Читаем Дочки-матери полностью

Тетя Роня была моим доктором все мое детство, потом доктором моих детей. Она всю жизнь была другом последовательно бабушки, мамы и моим. И никакие катаклизмы нашей семьи на этой дружбе не сказывались — ни 37-й год, ни приход в наш дом Андрея. Уже в последние годы ее жизни (она умерла осенью 1979 года) меня поражала ее заинтересованность в моей судьбе и радовала взаимная симпатия, которую испытывали они с Андреем.

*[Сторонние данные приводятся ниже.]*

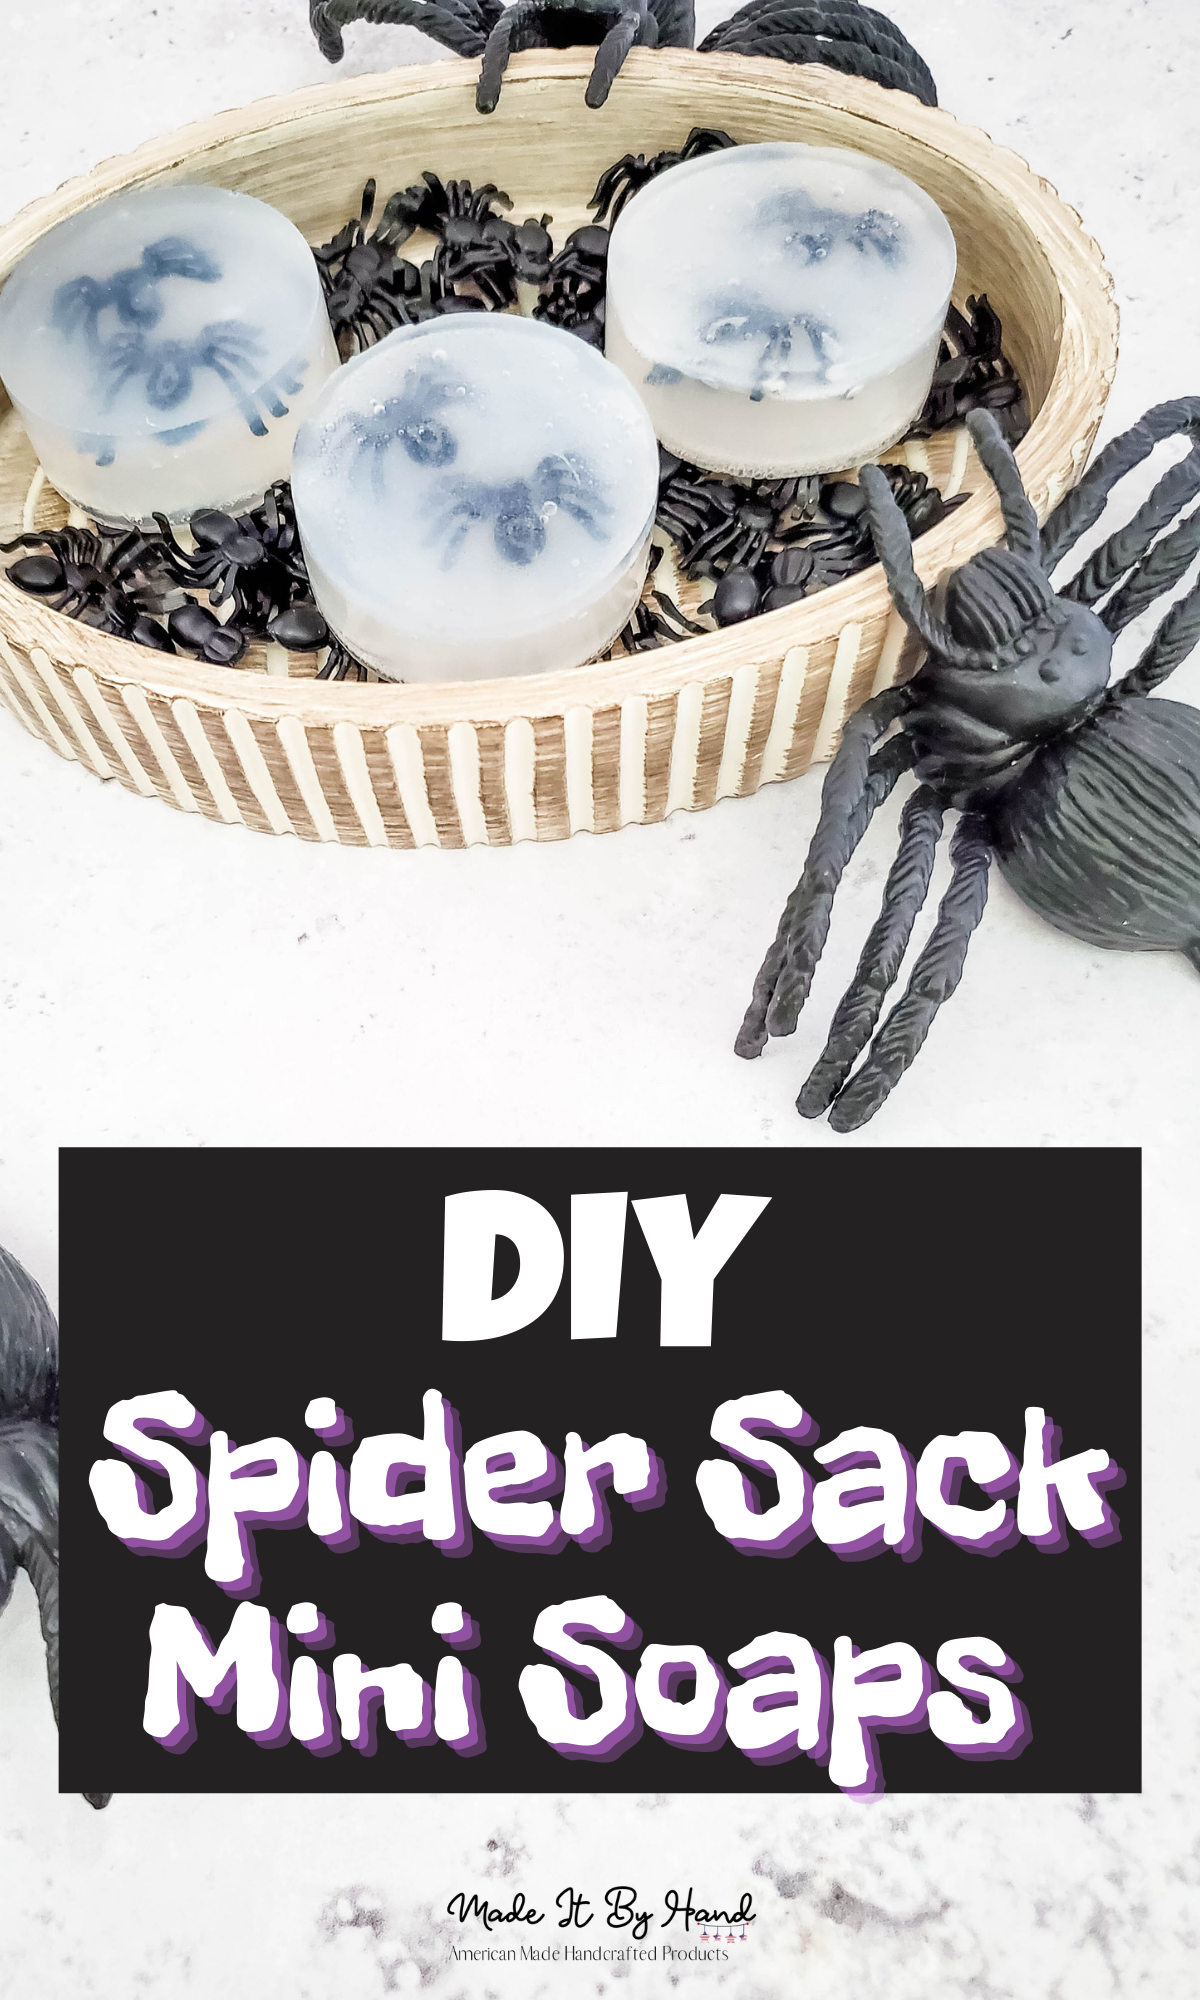 DIY Spider sack mini soaps

Потом мне разрешили ездить к Зорьке, Ане и Леве. Иногда даже посылали туда, чтобы что-нибудь отнести или сказать, потому что телефона у них не было. Зорька меня тогда не очень занимала. Она была маленькая и больше дружила с Егоркой. Ко мне стала тянуться и я ее полюбила позже, когда была в старших классах и приезжала из Ленинграда. Но мне нравилось, что они жили далеко, казалось, почти за городом. И это место очень красиво называлось — у Горбатого моста, Продольный переулок. Дом был деревянный, двухэтажный, старенький, скрипучий, похожий на дачку. Особенно скрипели двери и лестница, которая вела к ним на второй этаж. И двор тоже походил на дачный, с множеством кустов сирени и жасмина. Но главным был обратный путь. Когда трамвай, проехав Пресню, останавливался у Зоологического сада, я выходила и «шла немного посмотреть на зверей». А потом по дороге домой мне казалось, что я ездила далеко, в другой город или в ту страну, где живут эти звери. Как странно — Зоологический — это теперь так близко!

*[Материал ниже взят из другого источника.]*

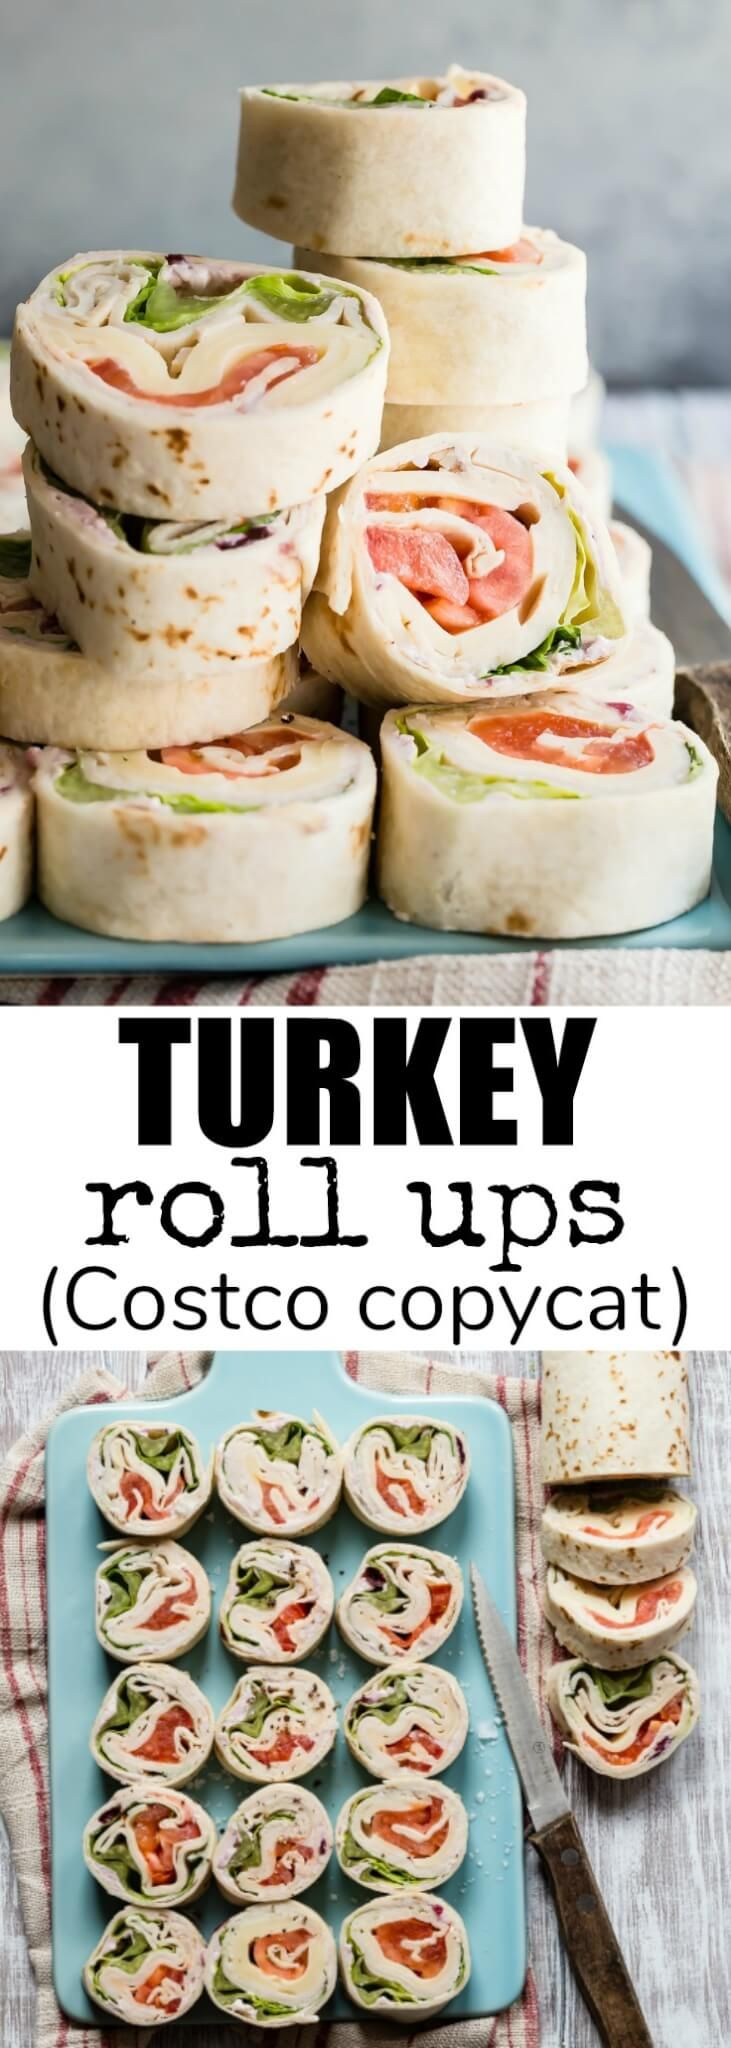 Turkey Roll Ups (Costco Copycat) Recipe Our Favorite

Еще я любила сама — одна — ходить в гости к брату Батани дяде Мосе и его жене тете Наде. Все на той же Страстной площади я садилась на «аннушку» и доезжала до них. Они жили на втором этаже в длинном трехэтажном доме в начале Чистопрудного бульвара, почти напротив теперешней станции метро «Кировская». Это была не обычная квартира, а нечто вроде общежития. Окна их длиннющего и необычайно широкого коридора выходили на бульвар, а окна комнат — во двор. У них были две комнаты. Большая была гостиной, столовой, спальней и даже кухней. Там около двери на маленьком столике стояла плитка, на которой всегда кипел чайник. Вообще-то кухня в этой квартире была, но до нее было далеко ходить. Вторая комната, небольшая и узкая, как пенал, была кабинетом. В этой комнате, при свете зеленой настольной лампы (раньше всегда были зеленые, и Андрей до сих пор мечтает о зеленой), было у меня бесчетное множество разговоров с дядей Мосей, разговоров-общений, всегда наедине. Не с тех ли пор я общаться могу только, когда вдвоем, а если два-три человека или просто много, то никакого общения для меня не получается — это уже что-то другое. Разговоры эти были удивительны своей доверительностью (мне казалось, что дяде Мосе я все могу сказать) и серьезностью.

Серьезны они были всегда — и когда я со скакалкой пробегала их неповторимый коридор, и когда, спустя годы, мы говорили о маминых письмах из лагеря, о моей армейской жизни, о маленькой Таньке. Я всегда ощущала его невероятную образованность, ощущала, что он совсем не такой, как мама, папа или их друзья, и что интересует его что-то другое и в жизни, и в общении со мной. Но первое меня никогда не подавляло, а второе не настораживало. Я только всегда боялась, что мама, именно потому, что она не такая, как он, сделает что-то, что будет неприятно дяде Мосе. Но такого никогда не происходило. Напротив — если мама при нем и не становилась такой, как он, то как-то неуловимо менялась, приближаясь к нему. Много позже я узнала, что она последний класс гимназии кончала в Москве, жила у дяди Моей и он был для нее почти столь же авторитетен, как ее мама. Теперь-то я знаю, что был дядя Мося в моей жизни первый настоящий интеллигент, и что у него была совсем другая шкала ценностей, и что он был человеком, при котором другие становятся лучше. Но это все теперь!